Down the Memory Lane of Comics...
By Jerry Guild
Hey,where to start in writing a review on a book about Comics, when one has been reading them for over 60 years.An excellent book in every way.Physically,this book is beautifully constructed,with top of the line paper,printing and color illustrations.A great dust jacket, as well as glossy hard covers printed with comic strips.A large volume 10X14 inches,over an inch thick and 326 pages...WOW! By the way ,there is a companion book,which is just as good,covering Comics before 1945;same size and by the same author.
What great memories this book brought back.I was born in 1935 and was an avid Comic Strip reader of 10 where this book starts.
While there are many strips covered in this book that are unfamiliar to me,and probably to most people;all my favourites are there.All through the years,in my opinion the Strips and writers were at their best in the 40's and 50's.But then that was when they were really growing up and so was I.
My favourites were Dick Tracy,Little Orphan Annie,Li'l Abner,Smilin' Jack,Popeye,Beetle Baily,Joe Palooka,Blondie,Tarzan,Captain Easy,Mandrake the Magician,Mutt and Jeff ,Smokey Stover,Henry,Superman,Terry and the Pirates,Pogo and later Doonesbury.
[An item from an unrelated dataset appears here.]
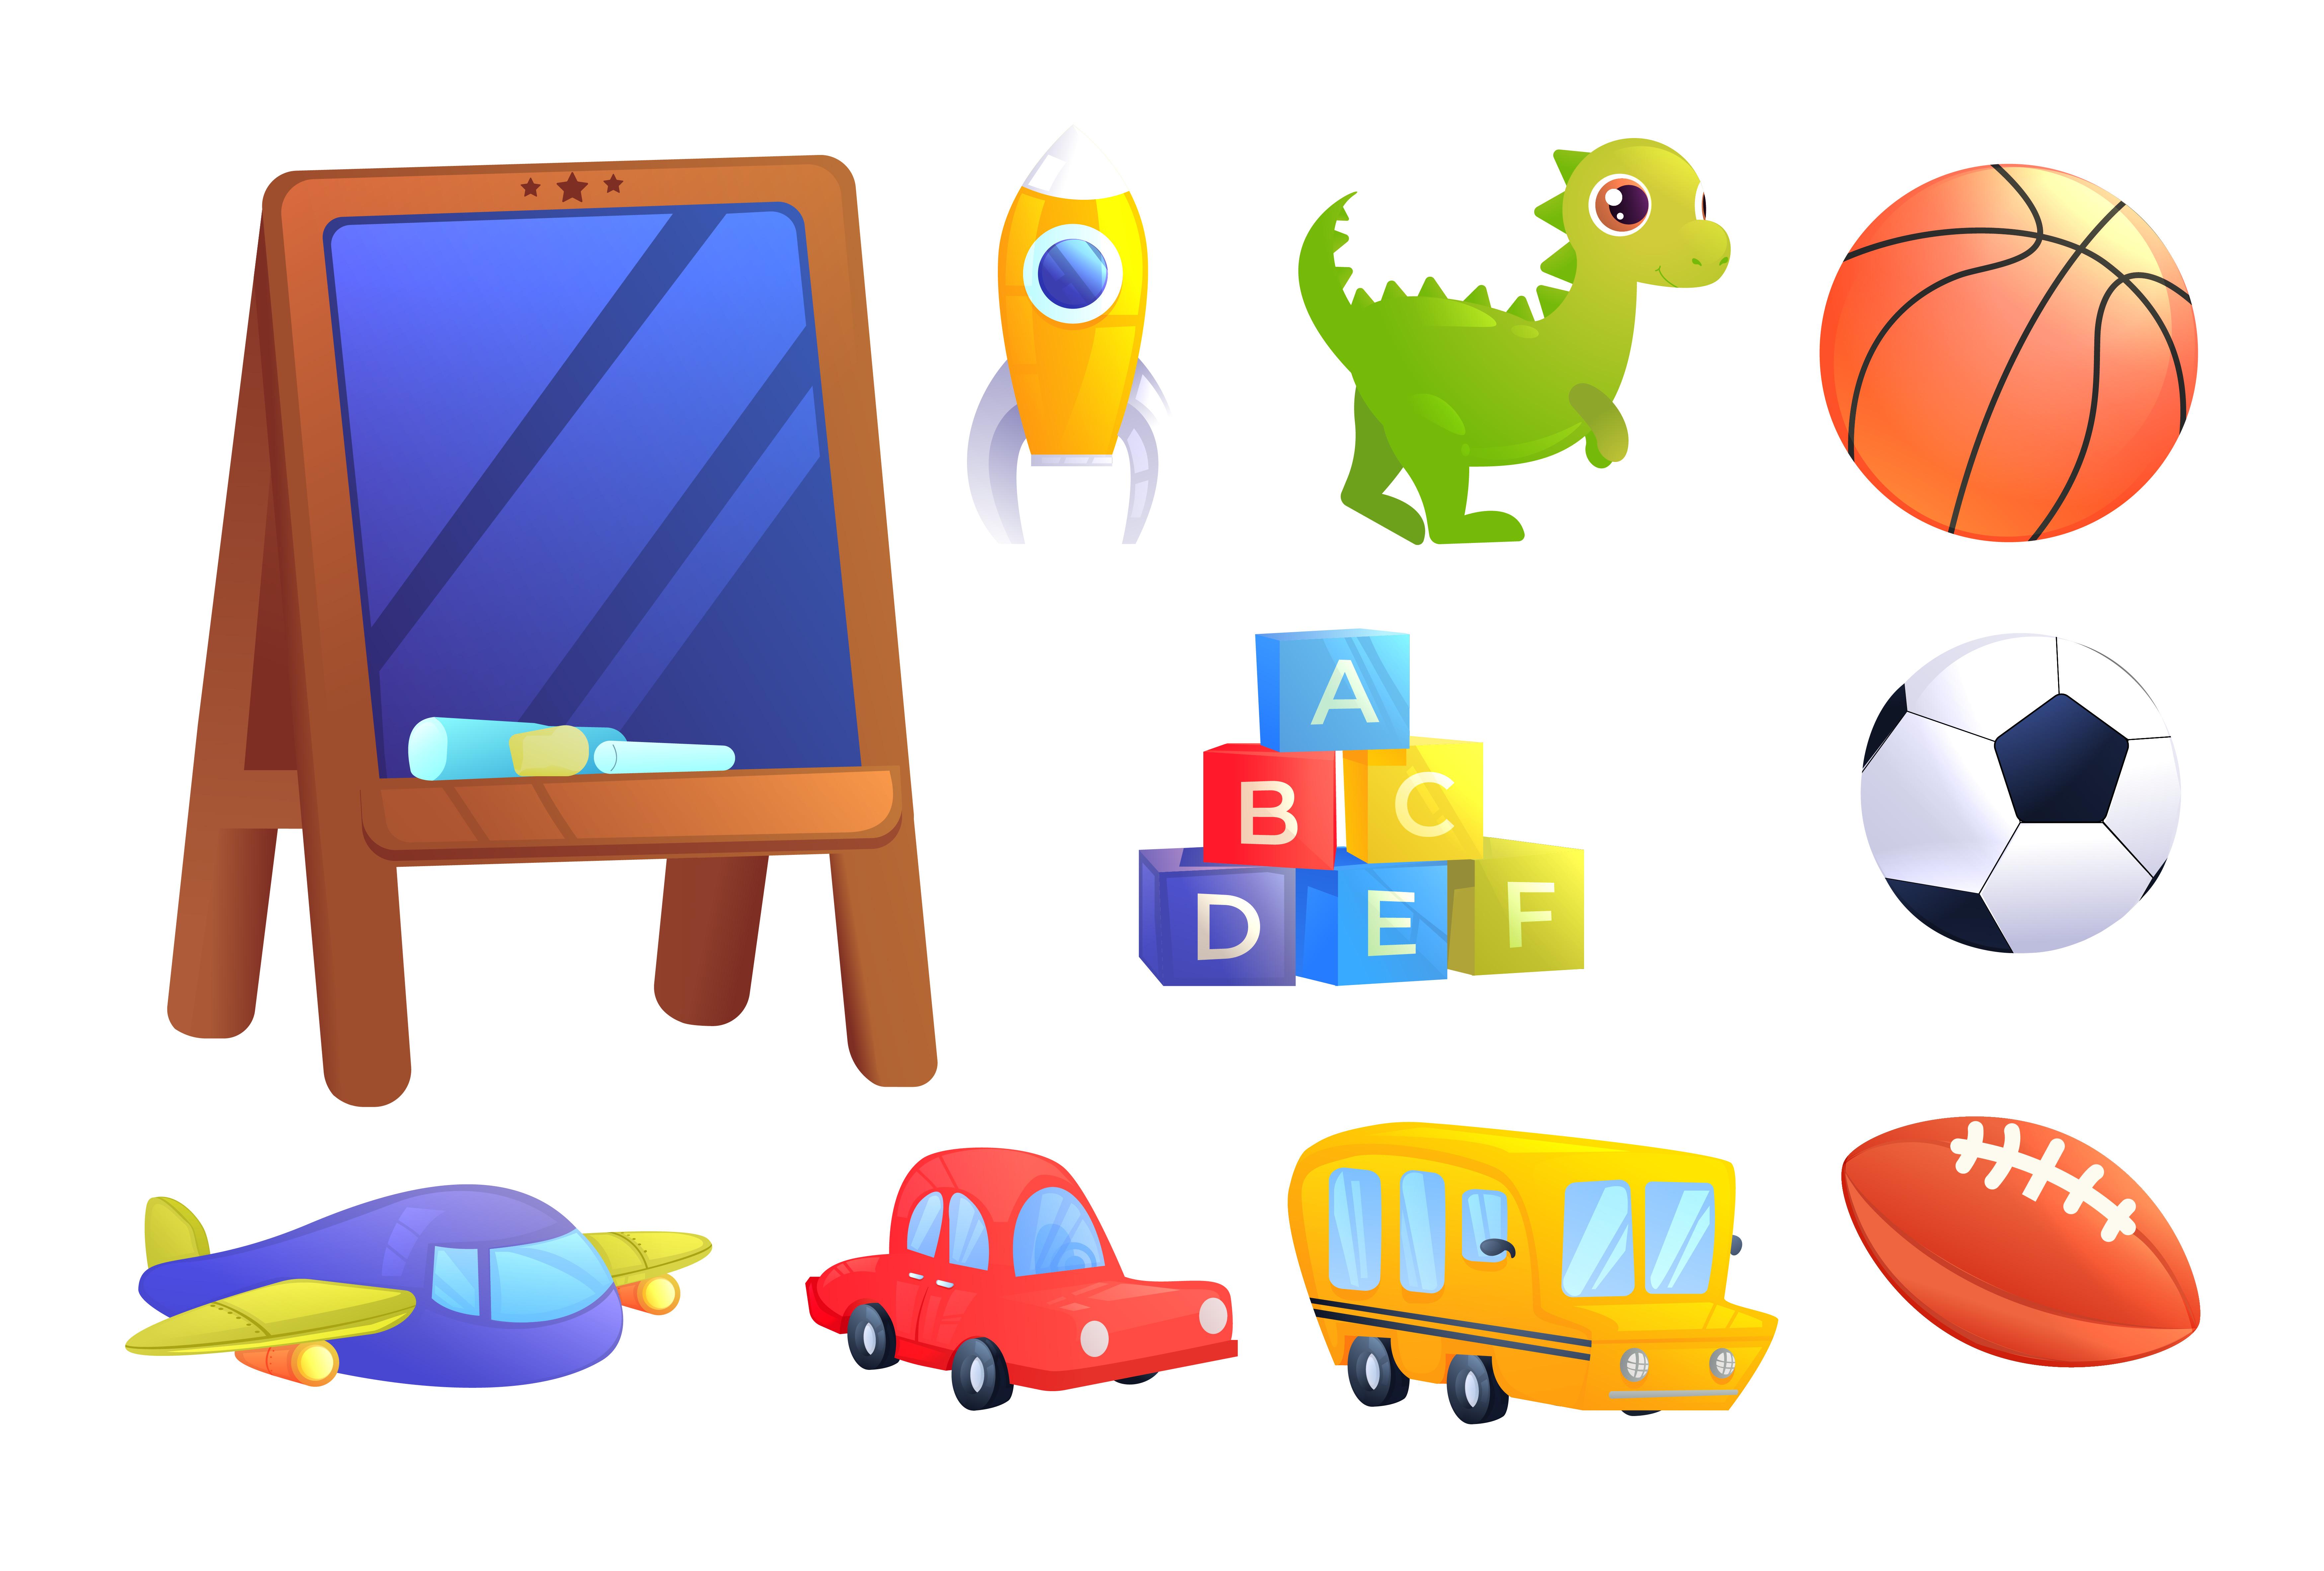 Kids Toys set. A car, bus, airplane, dinosaur,cubes with ...

Dick Tracy was my overall favourite,especially in its prime with super characters such as Flattop,Mumbles,The Mole,Brow, B.O.Plenty,Gravel Gertie and little Pebbles,Pruneface,etc.,etc.
Then there was Li'l Abner with Daisy Mae and Ma and Pa Yokum.The nation wide craze set off by those wonderful Shmoos and then the creation of Sadie Hawkins Day antics that swept the schools and colleges.Nothing like that kind of stuff today!
I guess all this fun was just too much for the prudes of political correctness, and their misguided efforts put the end to it all.
At the height of the Comic Strip days,everyone was aware of the 'funnies'and knew all the characters.If you didn't know who Dagwood or Annie's dog Sandy,or Fearless Fosdick was;you just didn't know what was happening.There is nothing like it today.I found the papers kept dropping reader favourites,cutting back on the number of strips,introducing strips with agendas and social engineering,to the point many readers lost interest and abandoned them.
As a matter of fact ,I was really following only Pogo and Doonesbury for the last few years and sadly we have even lost Pogo.Dick Tracy is not even carried by out largest paper in Toronto.I just read the Tracy strips on the Net for 2005.Fletcher and Collins give it a good try,but the storylines and artwork fall way short of the master, Chester Gould.Not only that,punching the keyboard and reading the screen is a poor subsitute for sitting back with the funny papers enjoying a coffee after breakfast or dinner;again in my opinion.
This book also covers a lot of what I call cartoons,and does a great job of it,but cartoons just aren't what the world of Comic Strips was all about.
Walker has also included a huge list of references if one wants to dig further.
This book should not be thought of as a review of any particular strip.It is really a history of Comics,a reference to use if one wants a quick look-see of what a strip looked like and a little about the artists who drew the strips.It also tells a lot about what went on behind the scenes with the artists,newspapers and syndicates over the years.
It also talks about Comics as an artform.Here I agree,one only has to look at how the artwork progressed in a strip like Dick Tracy and more recently Doonesbury,to see the advancement from very simple sketches to excellent art of colors, silhouette,perspective and all, to appreciate it.
After reading the book, I hope one day to visit the International Museum of Cartoon Art;although I continue to think of the Comic Strips as one thing and Cartoons as something completely different.
A great gift for a friend or yourself if you were a follower of the "strips".